Election Numbers Once More


Published February 15, 2001

The Catholic Difference

John Green of the University of Akron may know as much about which Americans vote for which candidates and why as anyone in the country. In a recent seminar at the Ethics and Public Policy Center in Washington, Dr. Green analyzed the complexities of religion’s impact on the 2000 presidential election. Here are some of Green’s conclusions:

  • Religious affiliation and levels of religious practice mattered more in how Americans voted for president last year than they did in 1996 and 1992.
  • While we live in a “multi-variant world” in which race, class, gender, and ideology all play their roles in voters’ choices, the evidence is overwhelming that more religiously active Americans (those who attend a religious service once a week or more) broke heavily for George Bush in 2000, while less religiously active Americans broke heavily for Al Gore.
  • The one striking exception was among African-Americans, where there was no discernible difference between the more and less religiously active in an overwhelming vote for Gore.
  • Non-Hispanic Catholics were twenty percent of both the Bush and Gore coalitions, and were thus the crucial swing vote in this election, as they have been since the old Catholic-Democratic alliance shattered in 1972.
  • White evangelical Protestants who attend church once a week or more were fully one-third of the Bush coalition, while black Protestants were almost one-fifth of the Gore coalition.
  • There is a newly-identifiable group of American voters, perhaps fifteen percent of the electorate, whom Green identifies as “seculars;” they made up almost one-fifth of the Gore coalition.
  • Votes for Ralph Nader and Pat Buchanan were concentrated among the less religiously observant and the “seculars.”
  • Character concerns about President Clinton carried more weight among less religiously active evangelical Protestants than among more religiously active evangelicals (who, presumably, had other reasons for tilting heavily toward Bush).
  • Bush scored considerably higher among more religiously active white evangelical Protestants than Senator Dole had in 1996. Bush also scored higher than Dole among white mainline Protestants (Anglicans, Lutherans, Methodists, one group of Presbyterians, members of the United Church of Christ).
  • Religiously active non-Hispanic Catholics went for Bush, 57% to 43%. This continued a trend toward the Republican Party among Catholics who attend Mass once a week or more that has been underway throughout the past decade.
  • Less religiously active non-Hispanic Catholics went for Gore, 59-41, continuing a decade-long trend toward the Democrats among this group.
  • Hispanic Catholics went overwhelmingly for Gore, 76-24.
  • Hispanic Protestants were more likely to vote for Bush (33%) than were Hispanic Catholics.
  • Mormons were the most monolithic bloc of religiously affiliated voters: 88% for Bush to 12% for Gore.
  • The now-famous red-and-blue map of America (with Gore voters clustered in the northeast, the industrial Midwest, and the cities of the West Coast, and Bush voters dominating everywhere else) cannot be parsed according to the abortion issue alone. Rather, the red/blue divide seems to be between those with a more traditional approach to a cluster of issues (sexual mores, the family, the state of the culture, the role of government) and those with a more liberal approach.
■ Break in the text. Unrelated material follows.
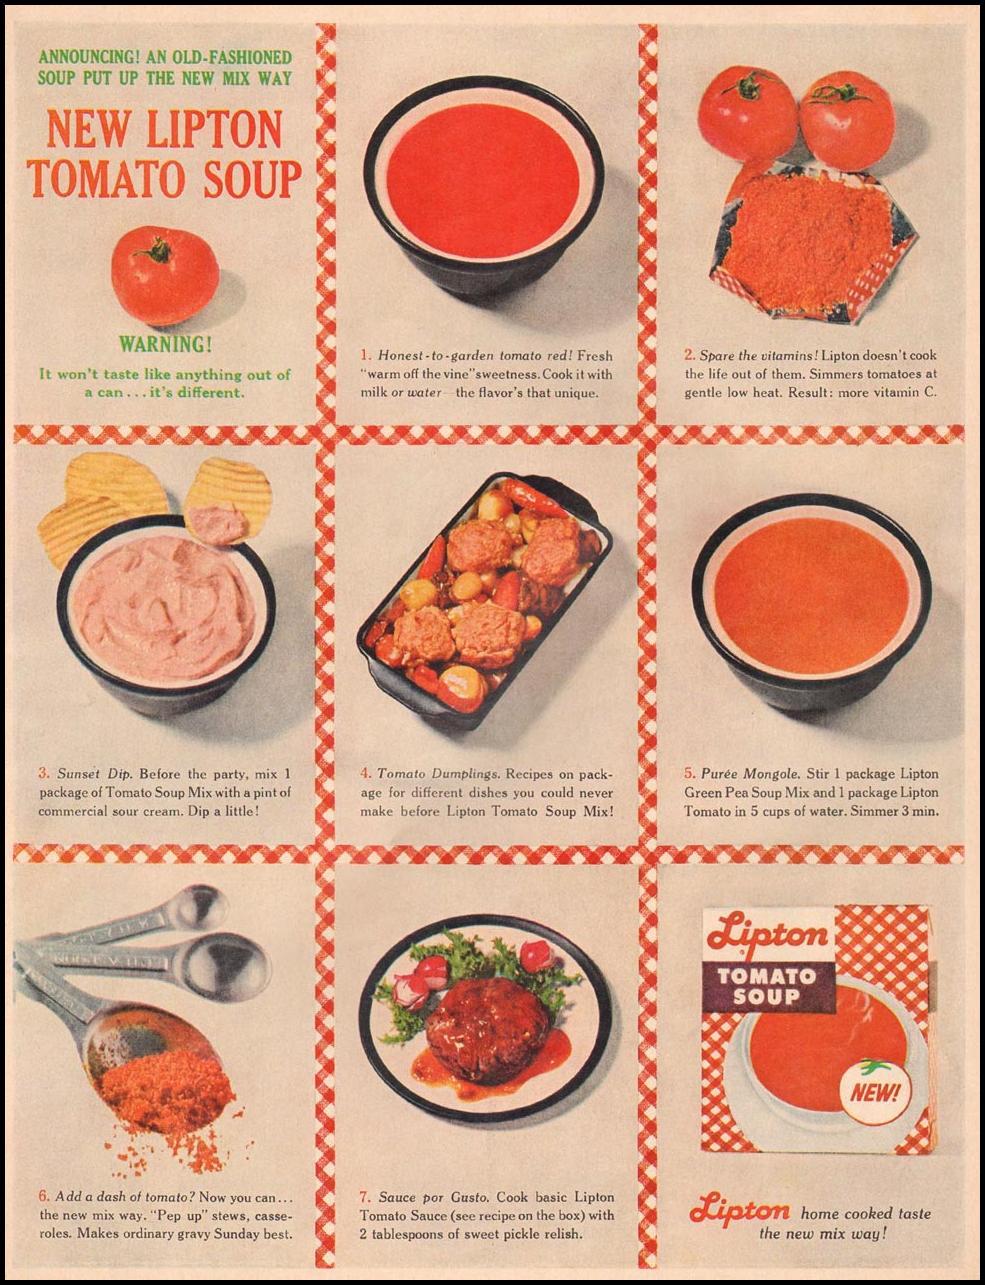 LIPTON TOMATO SOUP LIFE 03/31/1961
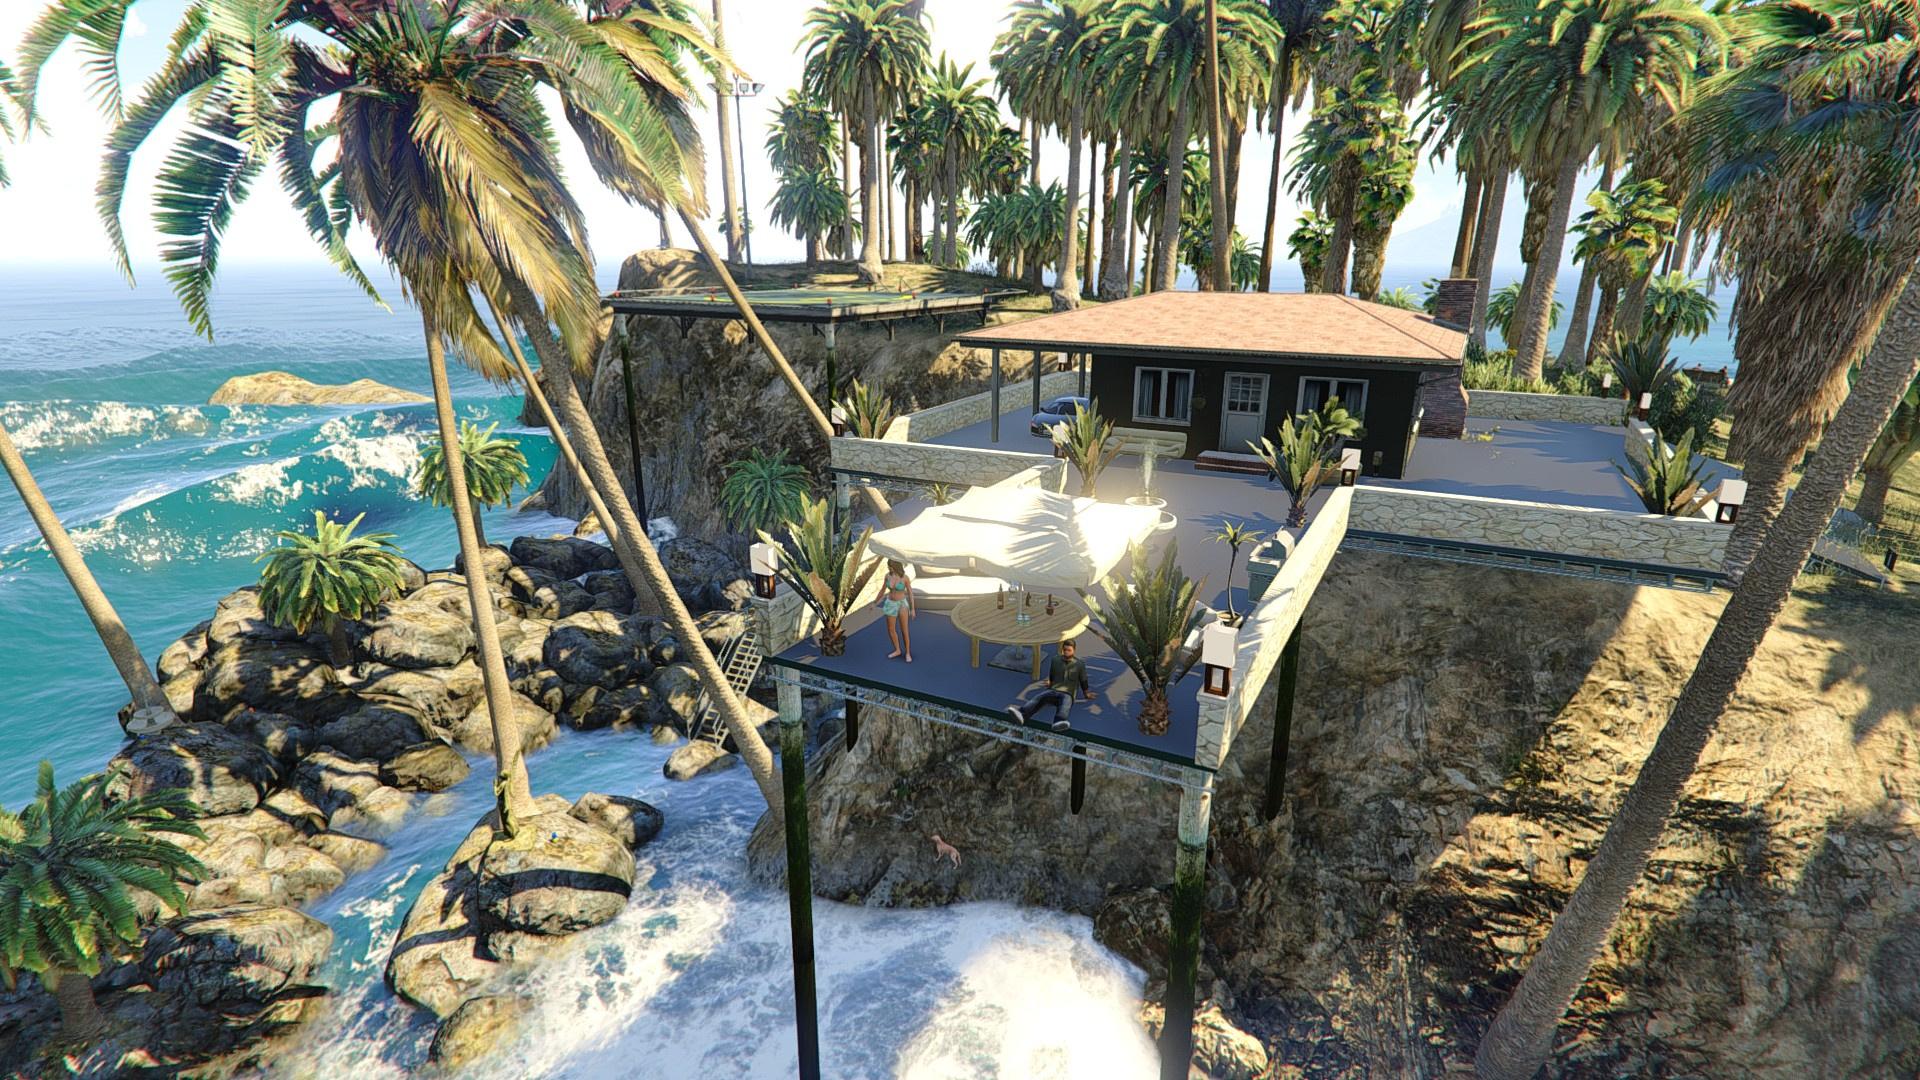 Palm island motorbike challenge gta5 for Whats a terrace house

Toward the end of the seminar, I asked John Green whether it could be said that frequency of religious practice was the single best predictor of voting behavior in the 2000 presidential election, African-Americans excepted. Green, a judicious political scientist, said that it would be inappropriate to talk about a “single” most effective predictor in something as complex as a presidential election. But, he immediately added, frequency of religious practice was one of the most important factors determining voter behavior—and one growing more important all the time.

The lack of attention paid to this faith-and-practice factor by a media focused on gender gaps and racial divides distorts our understanding of the dynamics of American politics. Whether early 21st century America will be closely divided or deeply divided will have a lot to do with how the religiously assertive, the less religiously active, and the seculars interact.

George Weigel is Distinguished Senior Fellow of the Ethics and Public Policy Center in Washington, D.C. and holds EPPC’s William E. Simon Chair in Catholic Studies.